The mammalian Scribble polarity protein regulates epithelial cell adhesion and migration through E-cadherin

Abstract

Scribble (Scrib) is a conserved polarity protein required in Drosophila melanogaster for synaptic function, neuroblast differentiation, and epithelial polarization. It is also a tumor suppressor. In rodents, Scrib has been implicated in receptor recycling and planar polarity but not in apical/basal polarity. We now show that knockdown of Scrib disrupts adhesion between Madin-Darby canine kidney epithelial cells.

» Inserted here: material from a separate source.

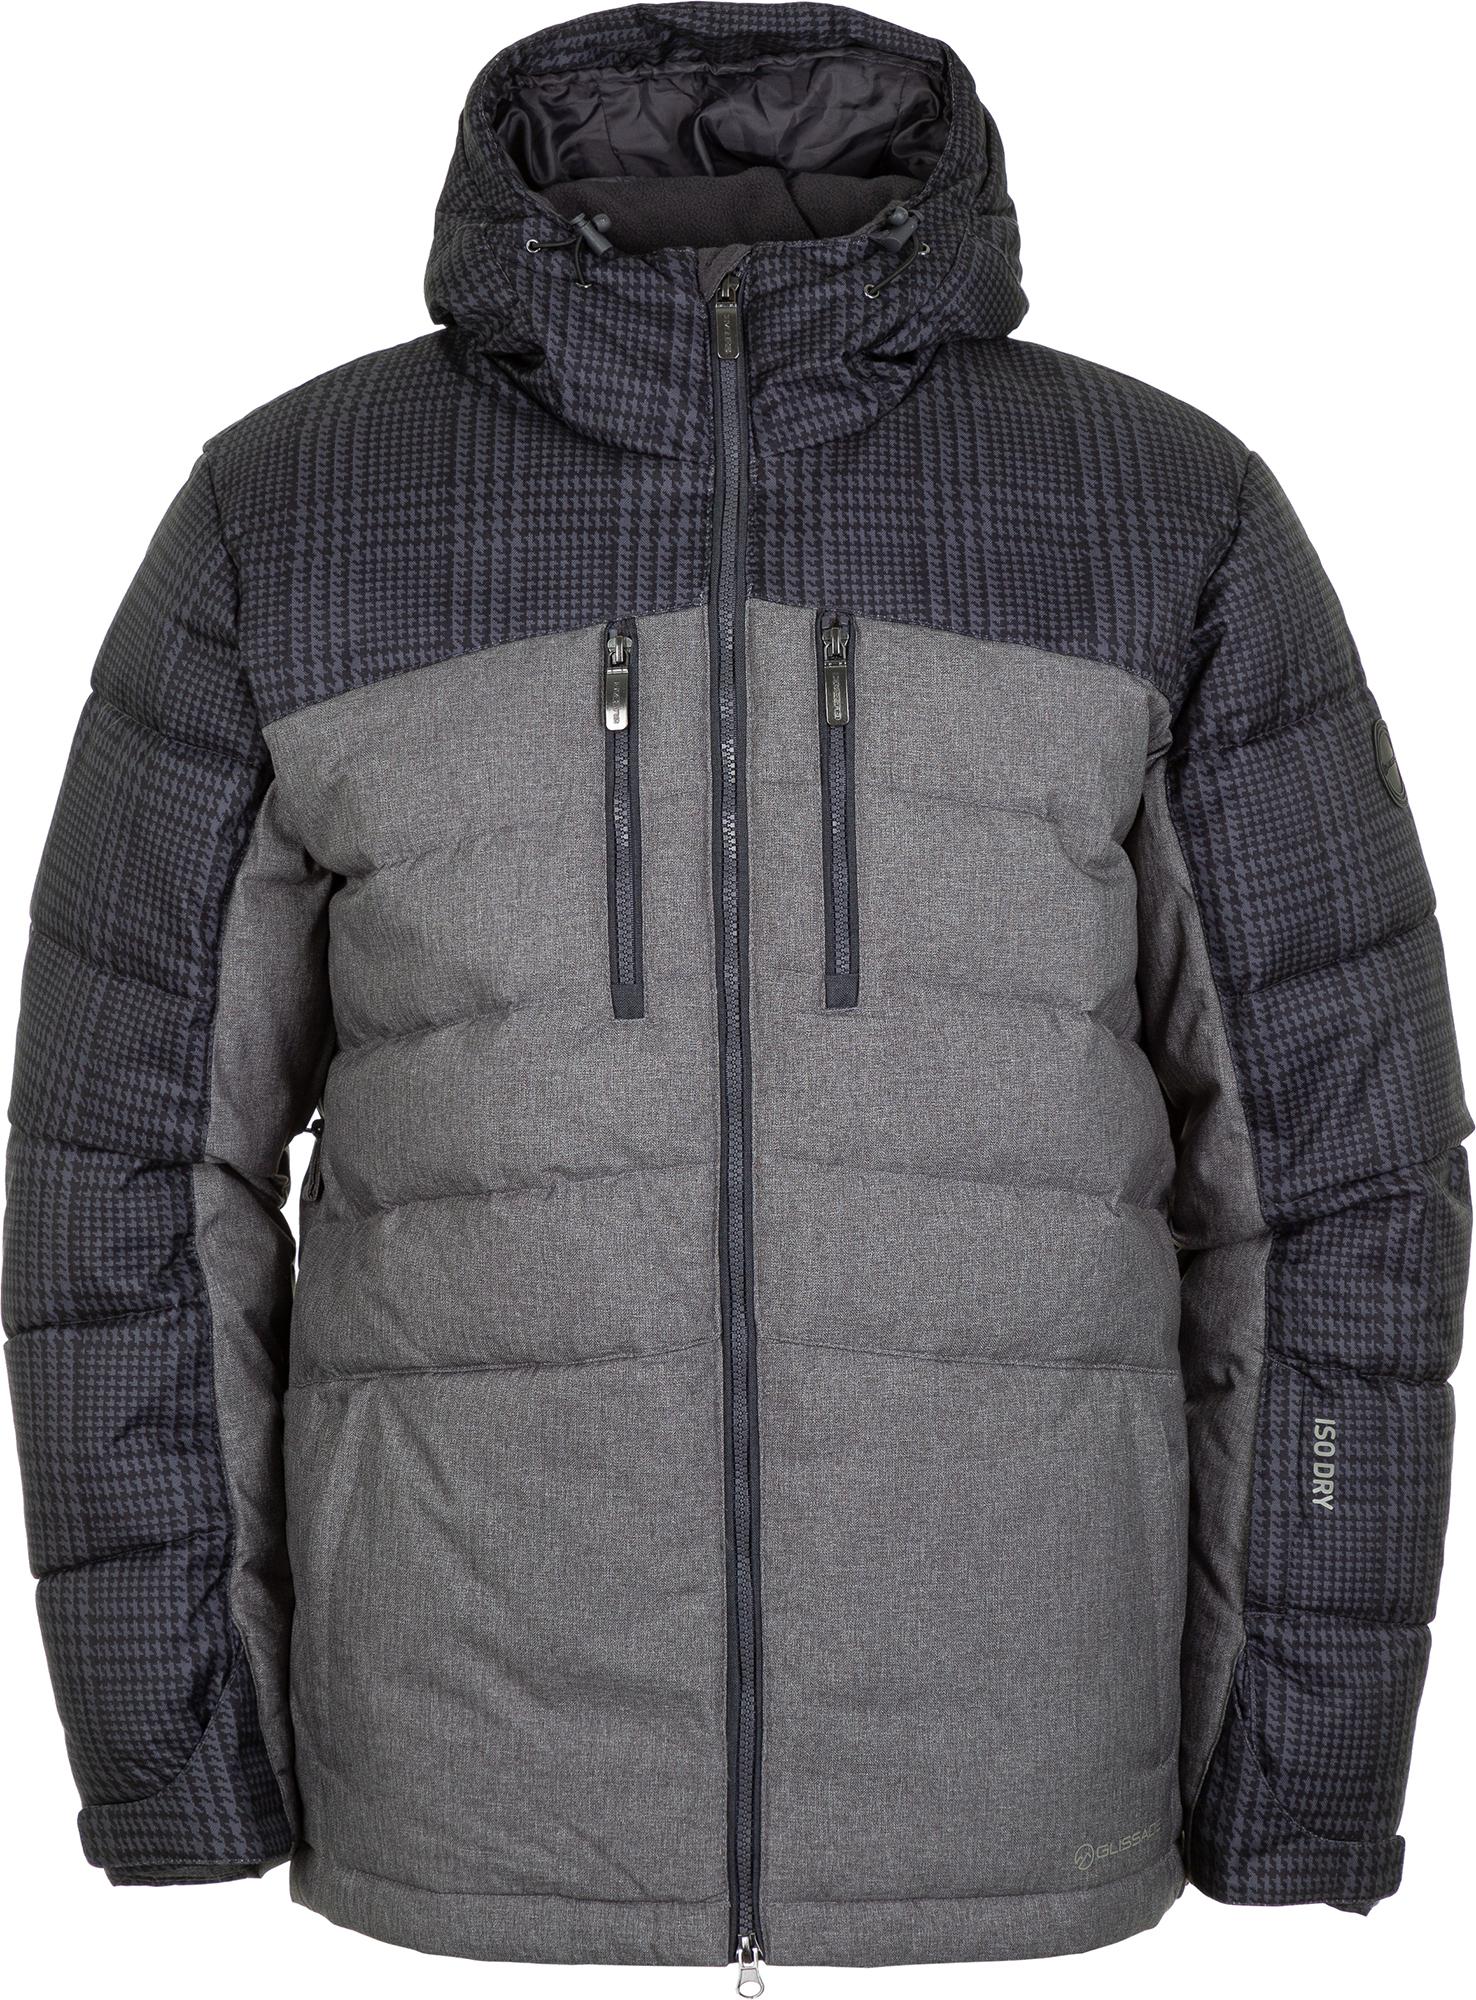 Glissade Куртка пуховая мужская Glissade, размер 60-62 куртка мужская reebok f puff bomber цвет черный dh2140 размер xxl 60 62

As a consequence, the cells acquire a mesenchymal appearance, migrate more rapidly, and lose directionality. Although tight junction assembly is delayed, confluent monolayers remain polarized. These effects are independent of Rac activation or Scrib binding to betaPIX. Rather, Scrib depletion disrupts E-cadherin-mediated cell-cell adhesion. The changes in morphology and migration are phenocopied by E-cadherin knockdown. Adhesion is partially rescued by expression of an E-cadherin-alpha-catenin fusion protein but not by E-cadherin-green fluorescent protein. These results suggest that Scrib stabilizes the coupling between E-cadherin and the catenins and are consistent with the idea that mammalian Scrib could behave as a tumor suppressor by regulating epithelial cell adhesion and migration.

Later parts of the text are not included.